## [DIRECTIONS]
The full listing, copied exactly and free of pictures, is the expected reply.

## [DATA EXCERPT]
────────────────
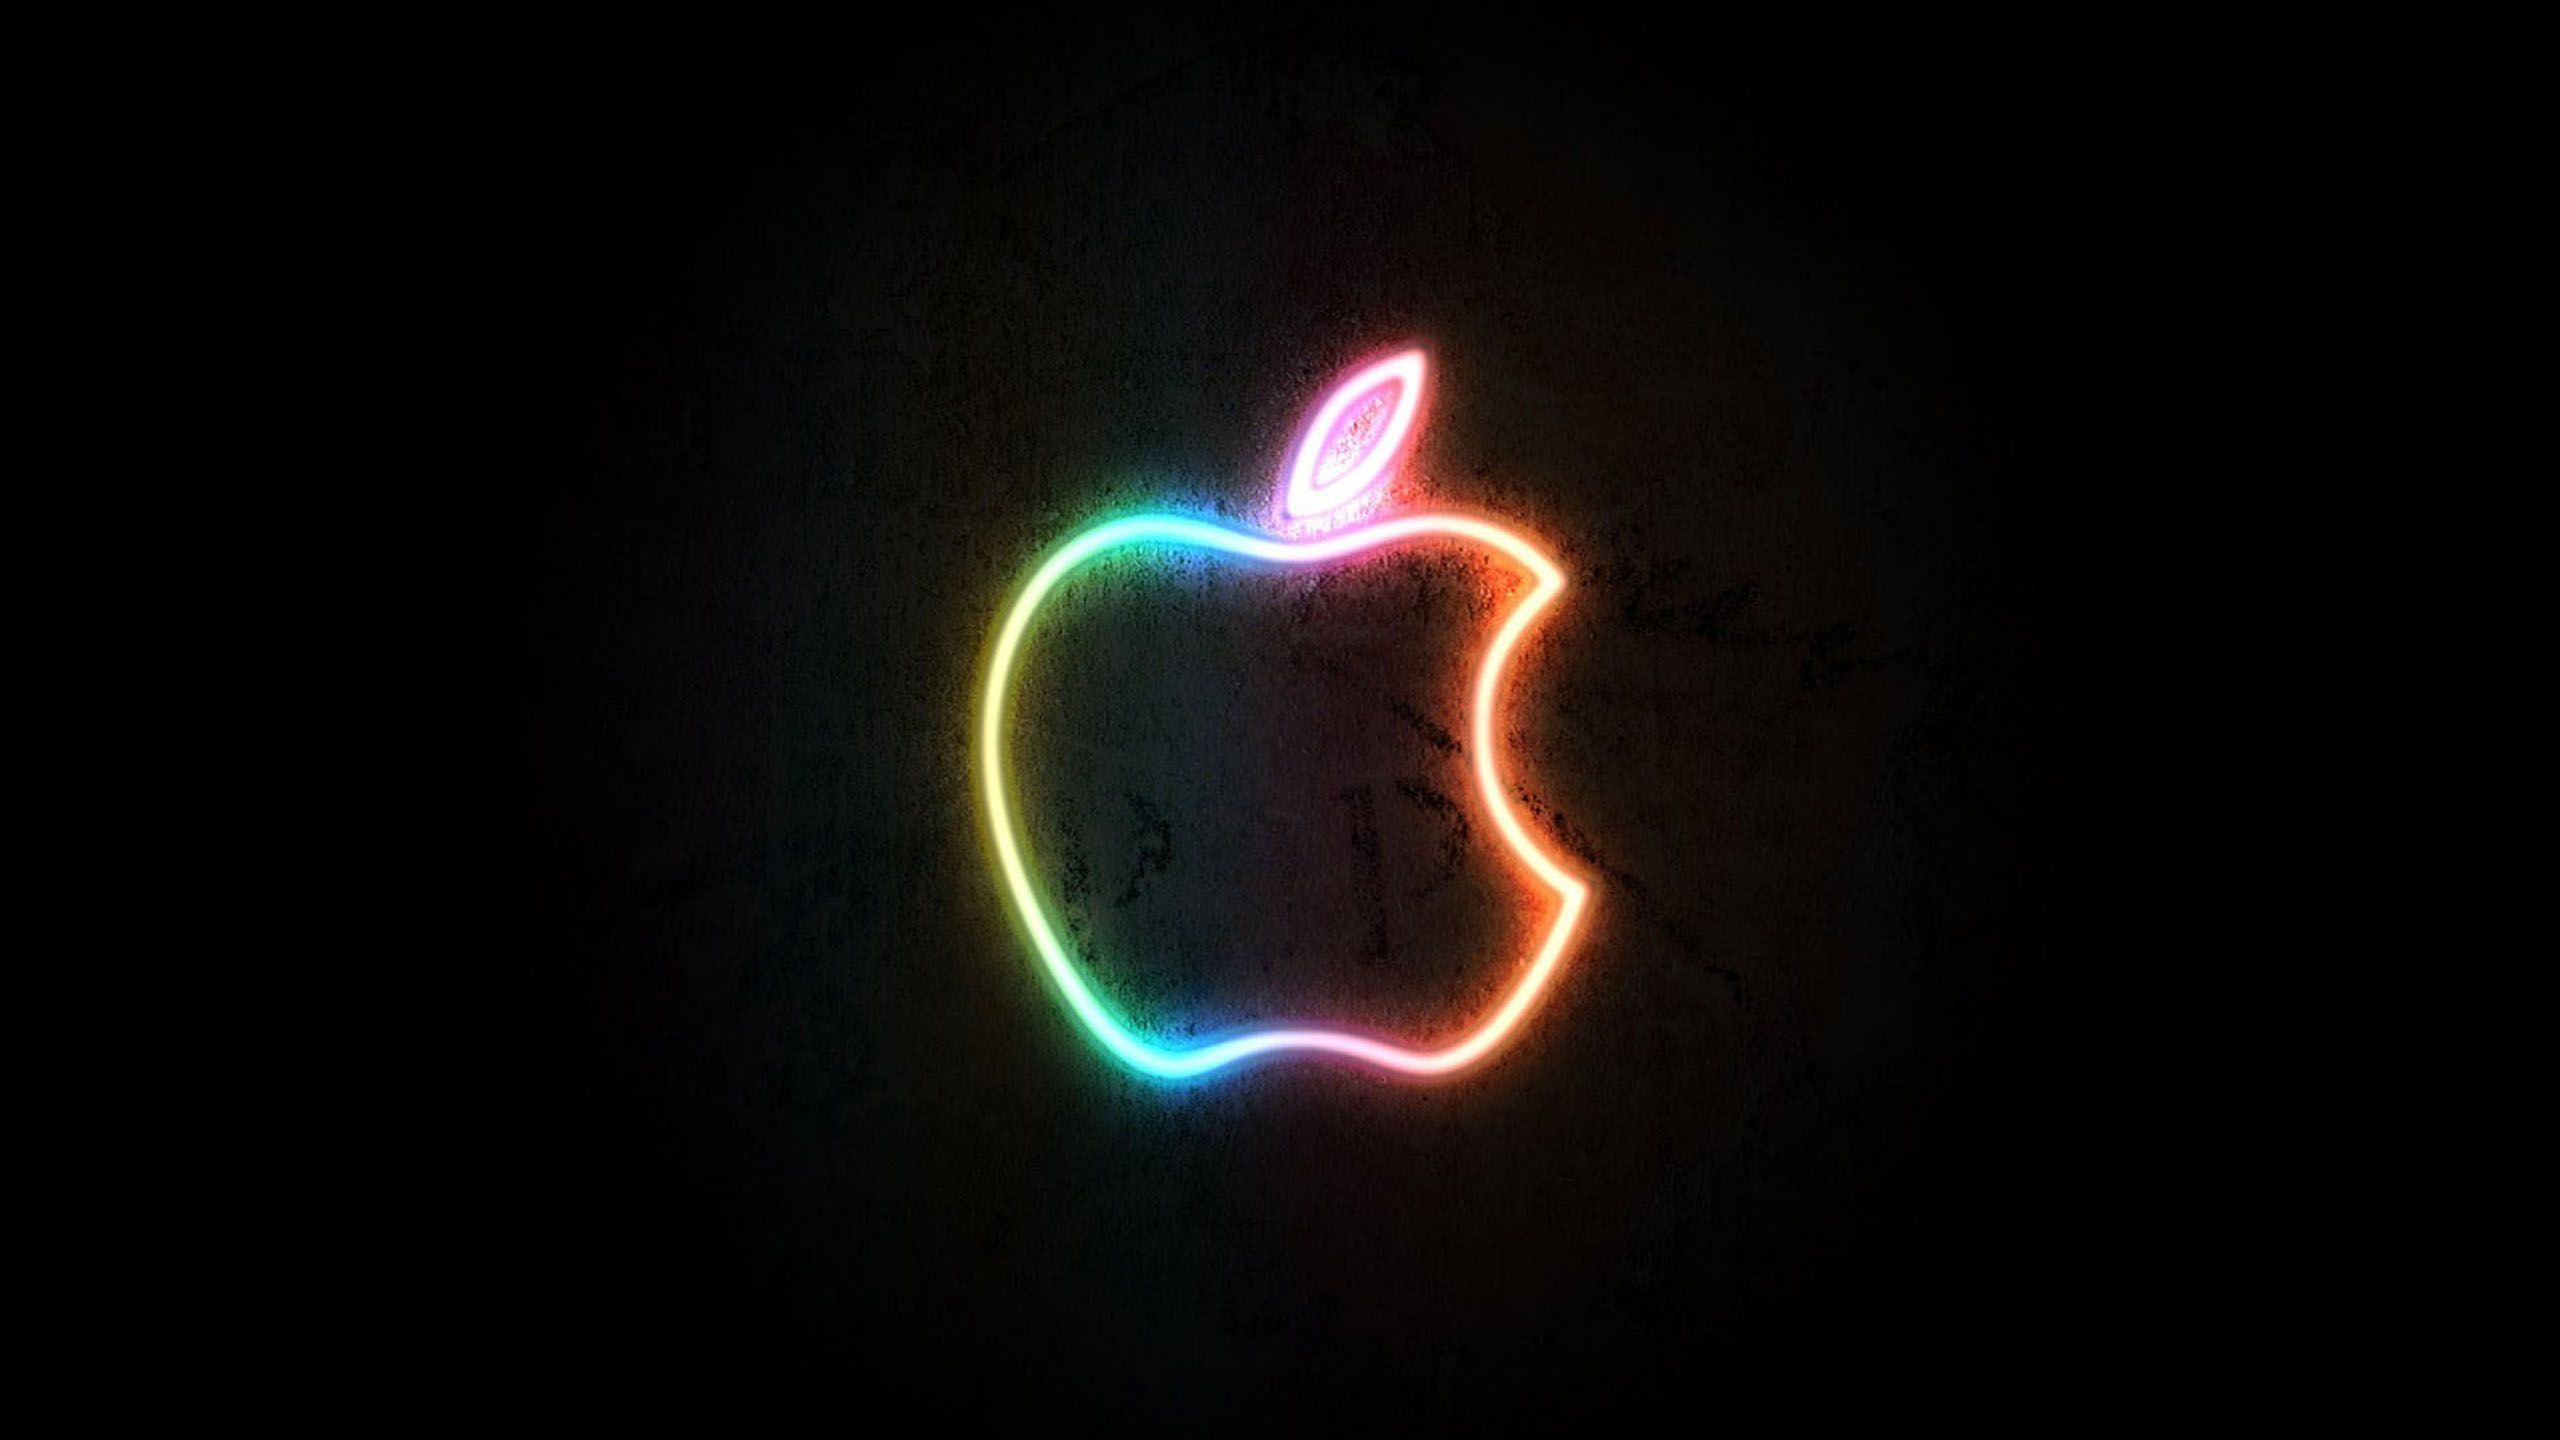 Revelion Cu Apple Desktop Wallpapers Apple Picture Logo Wallpaper Hd Wallpaper Iphone Neon
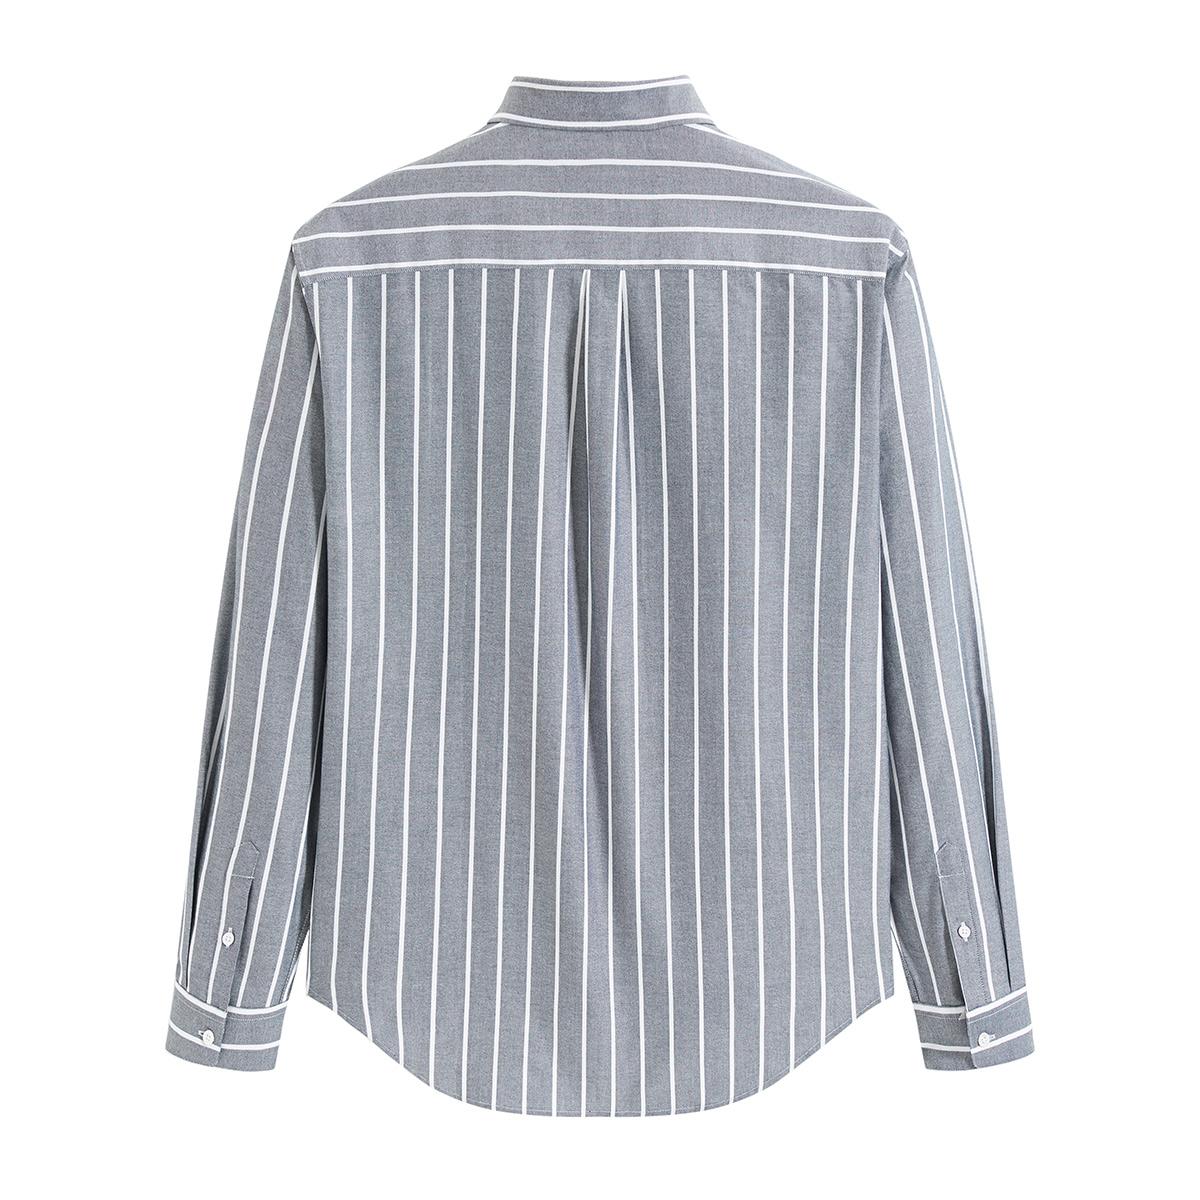 01c2b42d2ef ... striped long-sleeved shirt Shirt · Zoom · lightbox moreview · lightbox  moreview ...
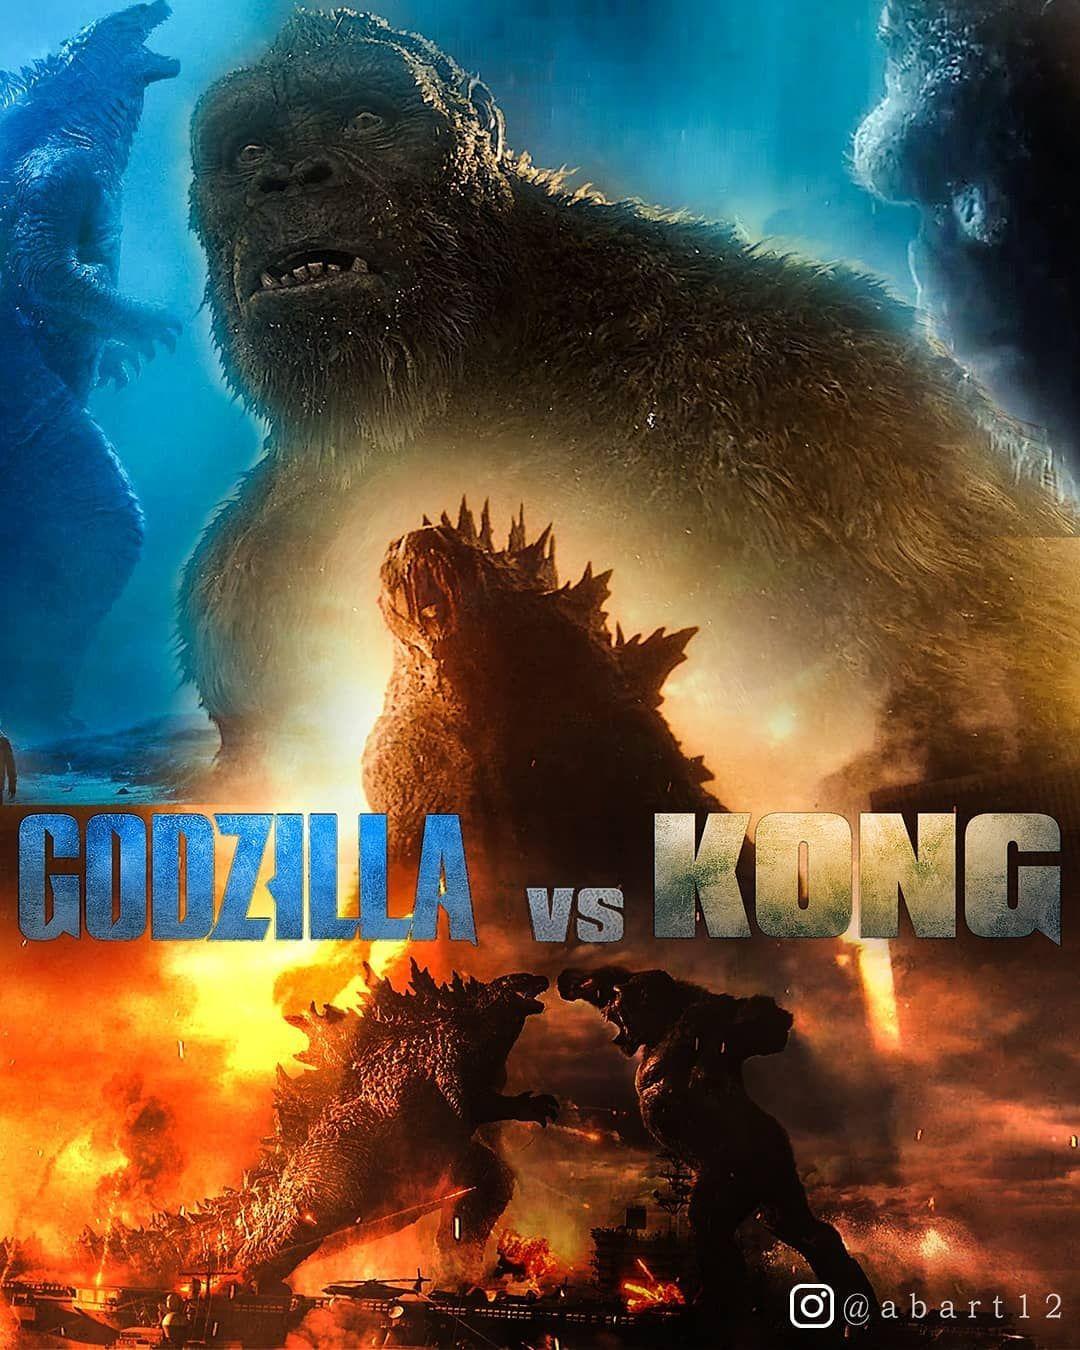 Promiseniloy On Instagram Godzilla Vs Kong Made A Quick Poster Of Godzilla Vs Kong Movie What You Guyz Think In 2021 Godzilla Vs All Godzilla Monsters Godzilla
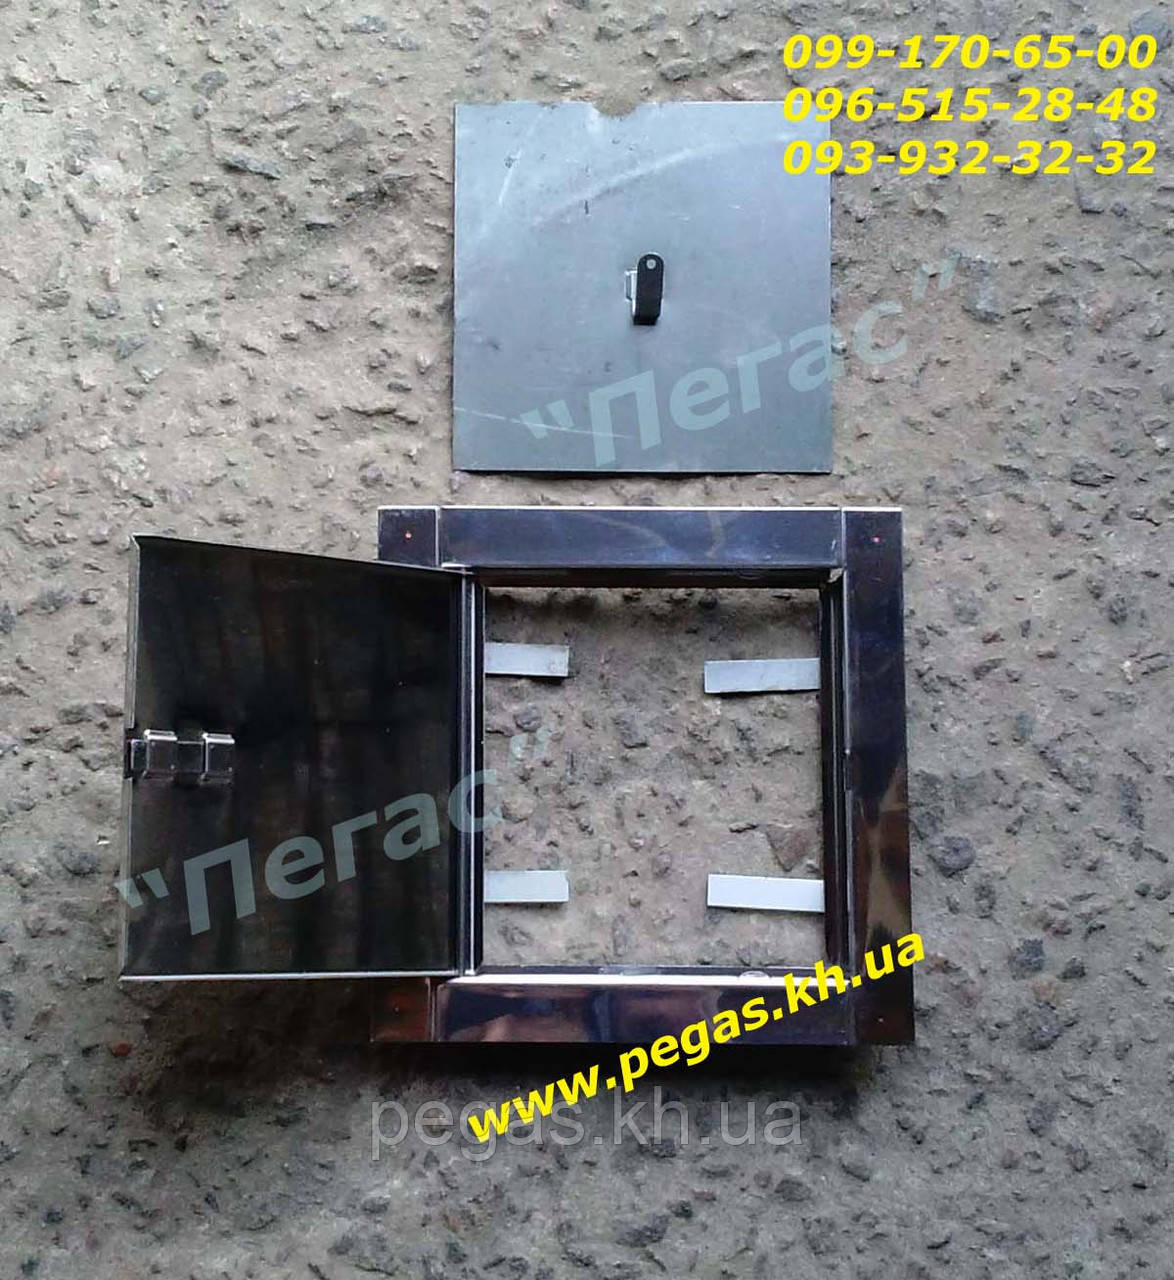 Дверца сажетруска прочистная нержавейка 140х140 мм. люк для золы, сажечистка
────────────────
## [EXPECTED ANSWER]
 Revelion Cu Apple Desktop Wallpapers Apple Picture Logo Wallpaper Hd Wallpaper Iphone Neon
 01c2b42d2ef ... striped long-sleeved shirt Shirt · Zoom · lightbox moreview · lightbox  moreview ...
 Promiseniloy On Instagram Godzilla Vs Kong Made A Quick Poster Of Godzilla Vs Kong Movie What You Guyz Think In 2021 Godzilla Vs All Godzilla Monsters Godzilla
 Дверца сажетруска прочистная нержавейка 140х140 мм. люк для золы, сажечистка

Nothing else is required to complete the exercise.